Following Judith’s principle of setting off early in such weather as this, at 10 a.m. this morning I walked out on the Monbos road, taking a right turn towards Thenac. I soon came to a signpost promising to lead back to Sigoules. Eventually reaching an unmarked T-junction I had a 50% chance of heading for Sigoules. Fortunately I recognised the road and turned right. Had I gone left I would have wound up in Cuneges. That would not have been fun, for, after yesterday, I reckoned one hour would be enough.
On the road out I chatted to a very elderly gentleman engaged in persuading, with his stick, a miniscule fallen branch from the roadway into a ditch. Our Morden neighbour, Ken, specialises in similarly flipping cans from our lawn into the road. Sometimes this takes several strokes of his club. Each man seems to take on a quite opposite sense of civic duty. Today’s putter raised his hat when greeting me. The bare-headed Ken usually raises his stick.
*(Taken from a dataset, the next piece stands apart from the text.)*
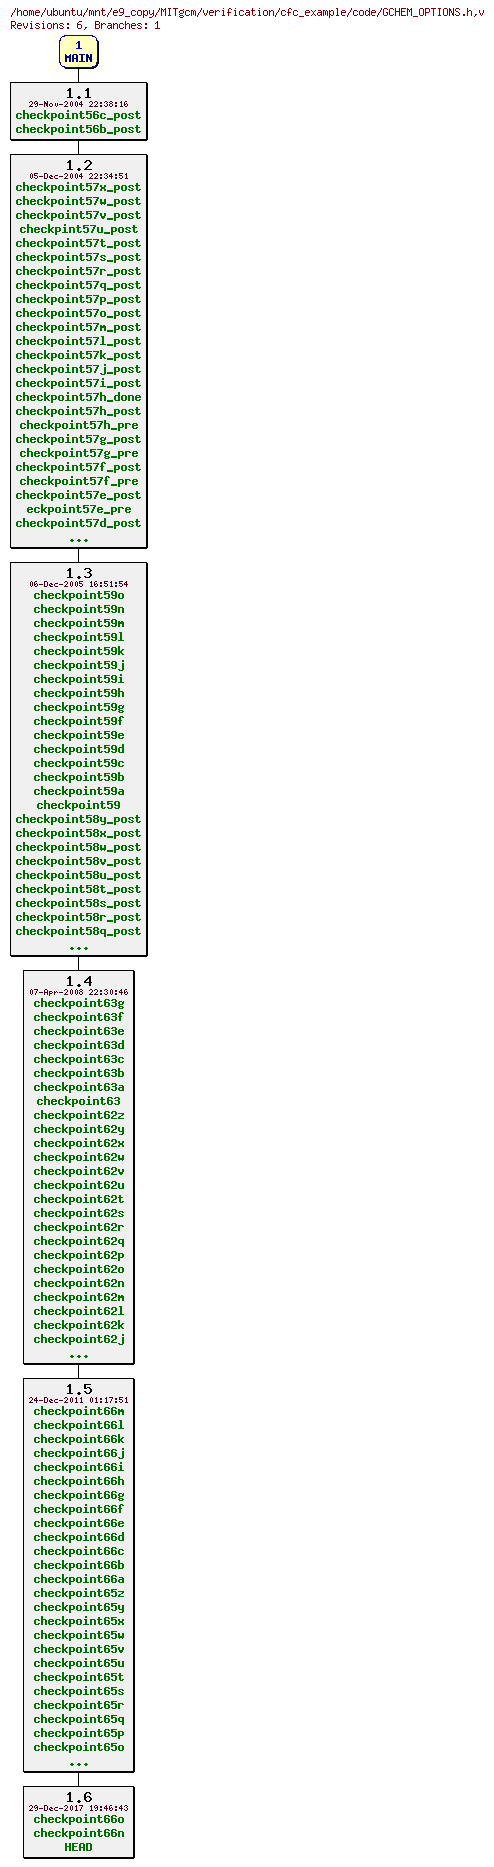 Revisions of MITgcm/verification/cfc_example/code/GCHEM_OPTIONS.h

Maize is flourishing, and hay is being bound up and collected throughout the area. A tree standing guard over one of the bundles obviously couldn’t stand the heat.
As I reached rue St. Jacques, reflective light was playfully dappling the surface of the road and the stone walls of Le Code Bar and the chateau between us. This kinetic illumination was emanating from faceted baubles strung on wires between the bar and its marquee across the road. Much more pleasant than the similar static white blobs seen all over the streets of London. They are chewing gum, and don’t move at all.
Just as I began to settle down to my daily few pages of Flaubert, I heard water dripping in the kitchen. I waded through puddles to see it pouring from the washing machine. Come to think of it, the wash I had put on hours before should have been finished by now. I couldn’t turn off the machine. Trying not to panic, I turned the water off at the mains and the flow stopped. I couldn’t open the machine, which was just as well because it was full of water. As I vainly attempted to mop up the mess the plastic fitment over the mop bucket disintegrated. It had been left out in the sun and had suffered the same fate as the plastic garden chairs which had collapsed under Michael and me a couple of years ago. I raided the armoire and chucked piles of towels into the pool.
Then began the process of finding a plumber. After several phone calls involving answering machines and emergency numbers I couldn’t decipher, I phoned Roger to see if he knew a reliable plumber. He immediately offered to come down and have a look at it. Just before he arrived Kim and Saufiene, from Huis Clos came to inspect the work of the shutter installation. I was then asked to complete a form giving my assessment of the organisation and the work. For one mad period I was toing and froing between the sitting room and the kitchen; the two patient Frenchmen awaiting completion of the form; and Roger, enviably crouched down by the machine, coming to the conclusion that it was kaput. The word I used for this condition caused my two French visitors great amusement because it also means ‘I can’t be bothered with it any more’. Roger dragged out the water- and washing-filled machine on his own, found, and disconnected the electric lead, and proceeded to drain off the water so we could move it out of the way for a new one. Thanks a million, Roger. The two Frenchmen insisted on putting it in the hall for us. Kim said he was short but strong. I had been asked earlier if I was a poet. I pointed out that, in French, Kim’s statement was a poem.
Then came a wonderful surprise. Kim lives with his grandparents. They treat him like a king. His grandmother does all his laundry. His own washing machine is in their garage. He will lend it to me. No money is required. He and Saufiene will deliver it tomorrow.
Outside the bar this evening I enjoyed Le Code Bar pizza with a glass of red wine followed by creme brulee. The pizza was very tasty with a runny fried egg in the middle.